**Task**
Copy out the lines beginning at the one with "Balletkleding jongens Wear moi" and ending at the last line of the data, both included; pictures stay out.

[Recorded information Boundary: Start]

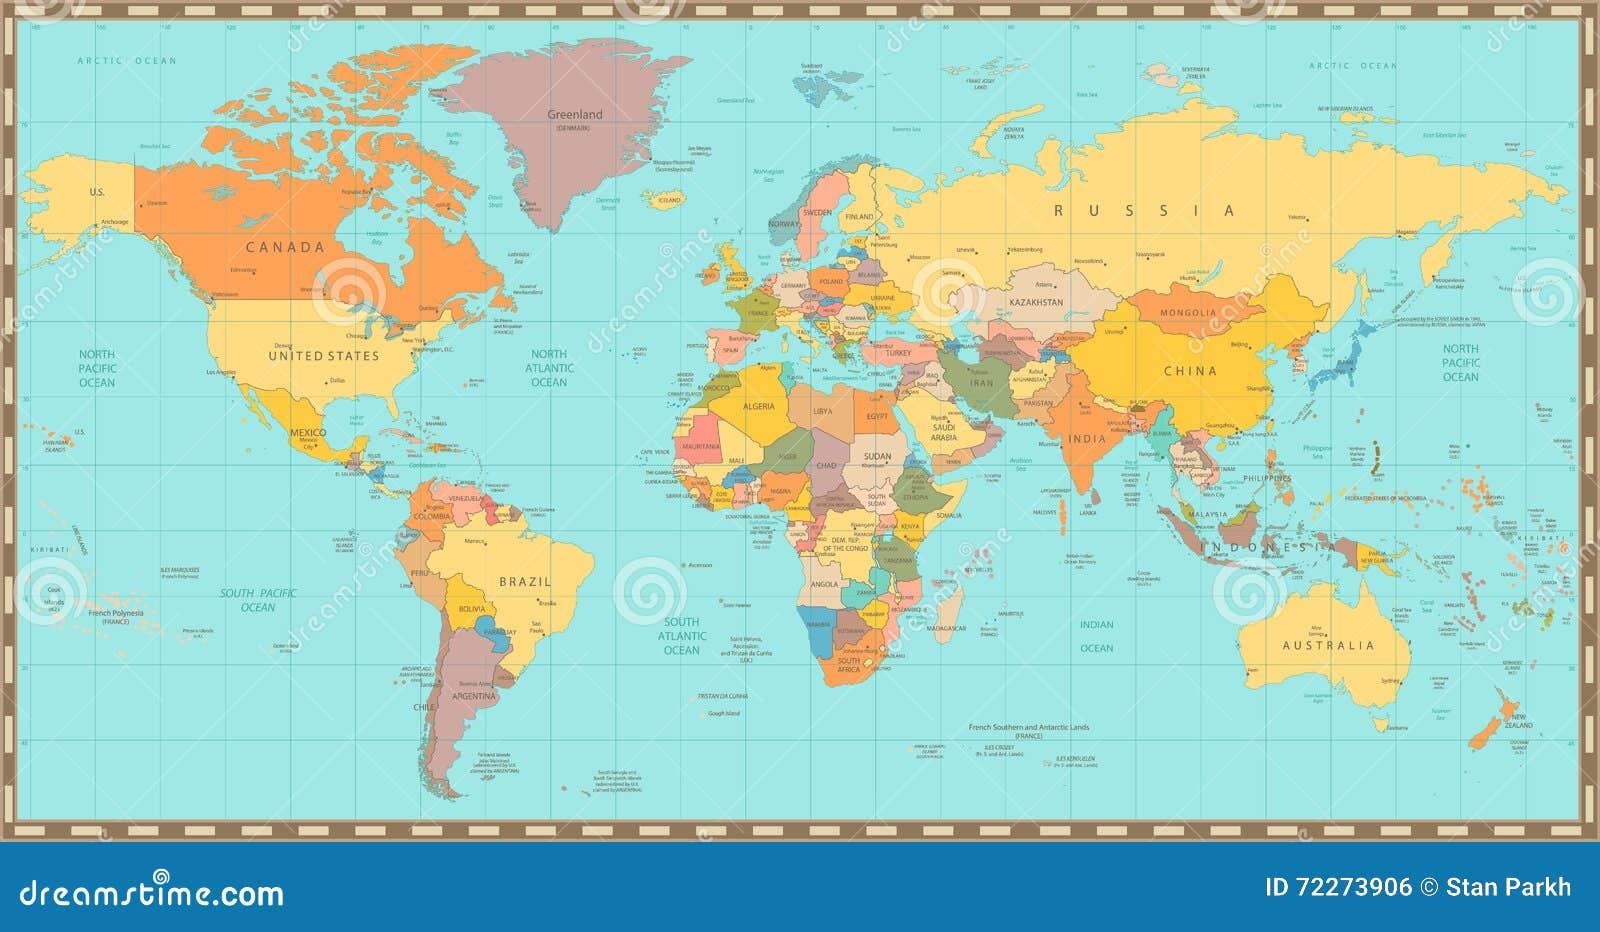 Old vintage color political world map stock vector - Papel pintado mapa del mundo ...
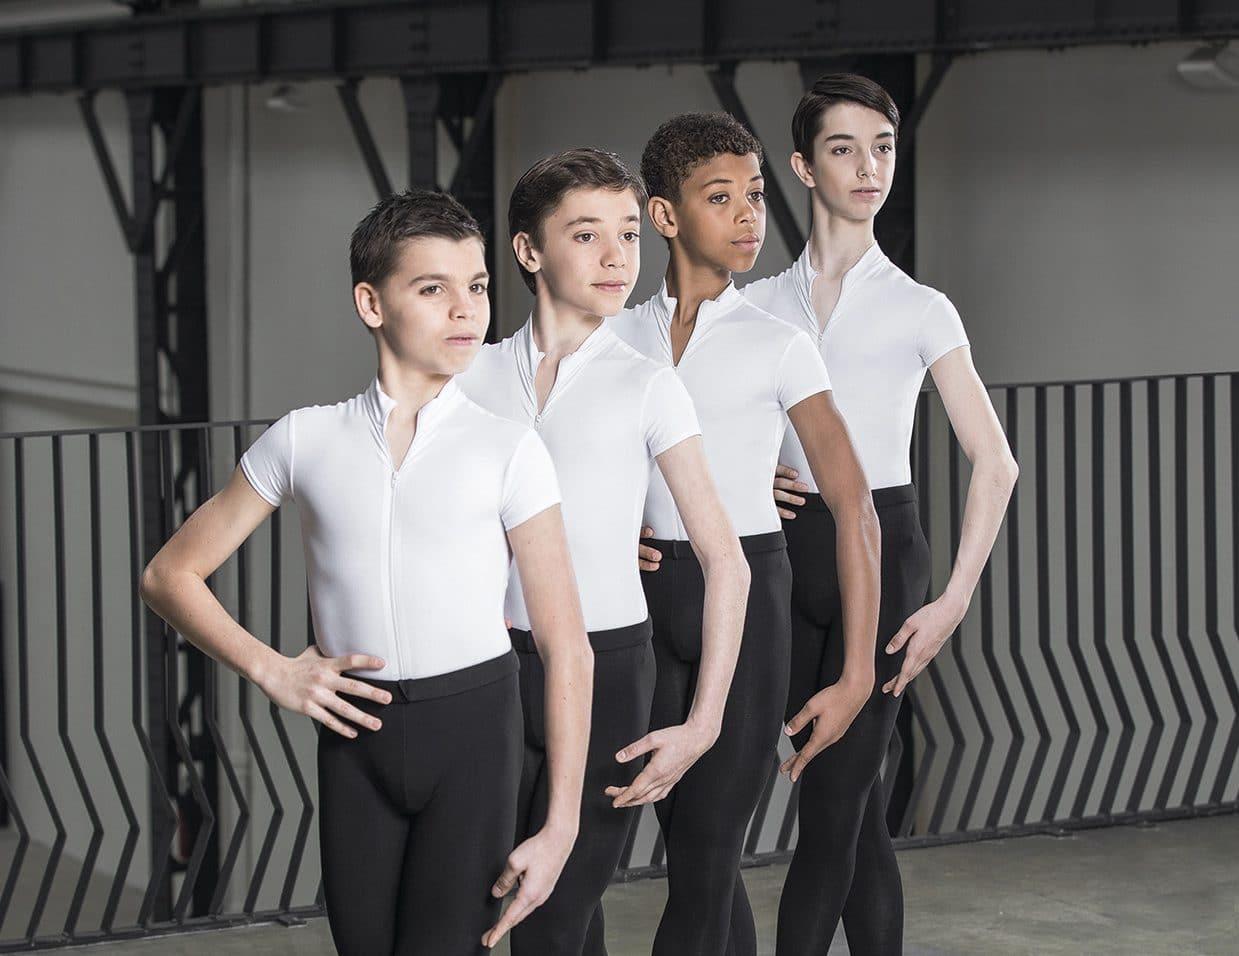 Balletkleding jongens Wear moi
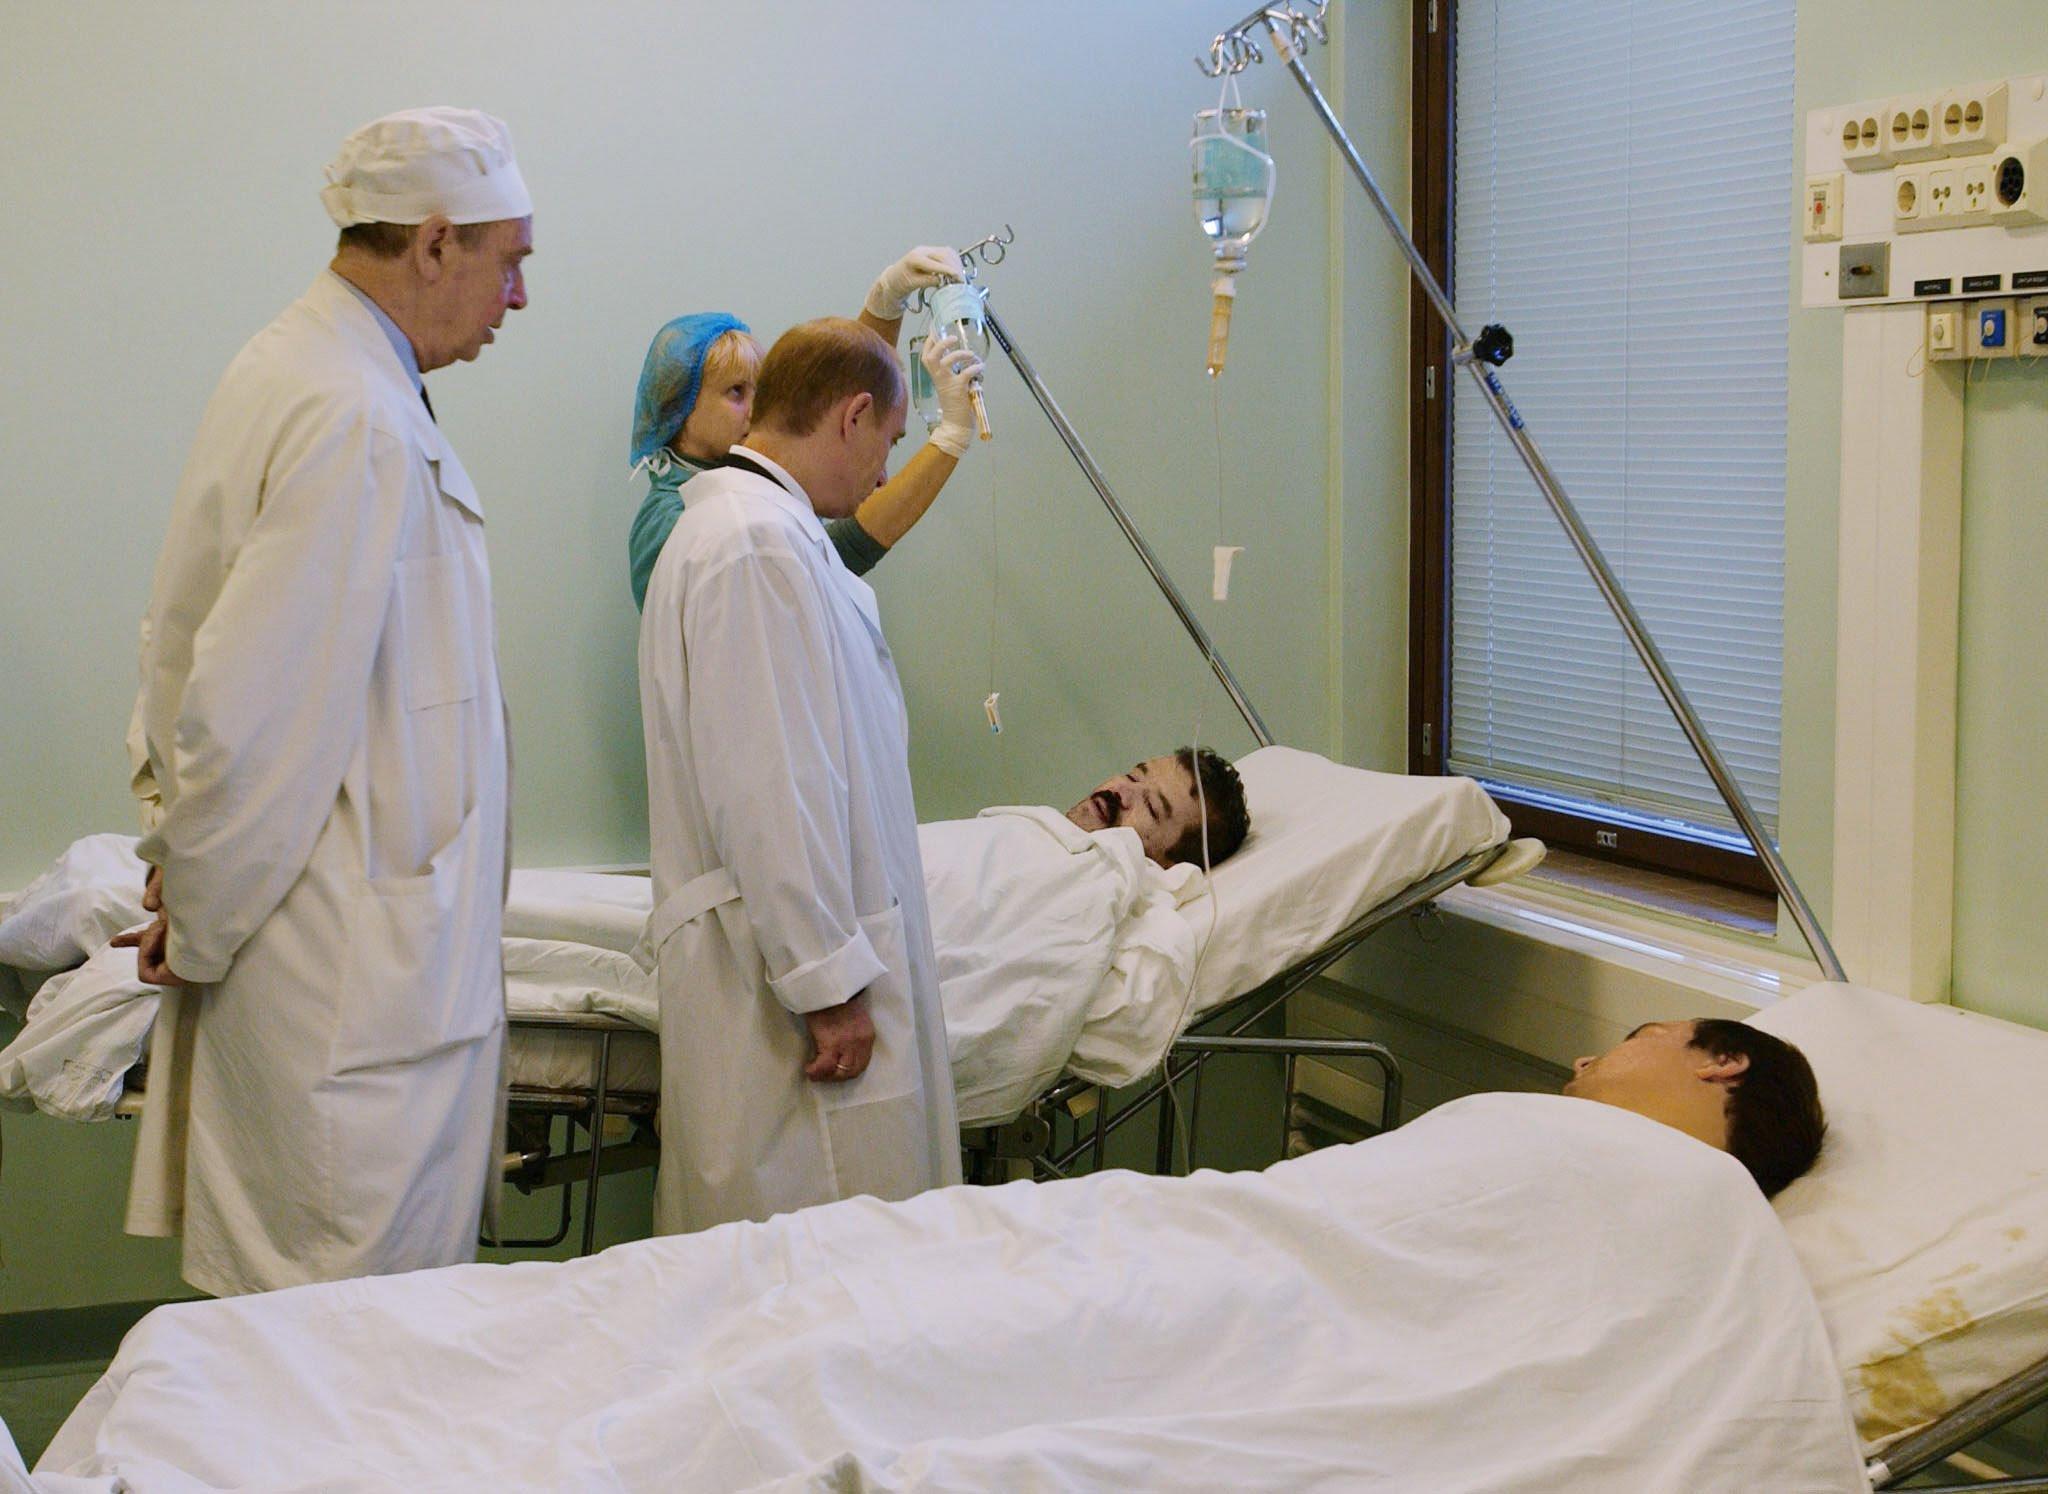 File:Vladimir Putin with victims of Nord-Ost terrorism.jpg

[Recorded information Boundary: End]

**Solution**
 Balletkleding jongens Wear moi
 File:Vladimir Putin with victims of Nord-Ost terrorism.jpg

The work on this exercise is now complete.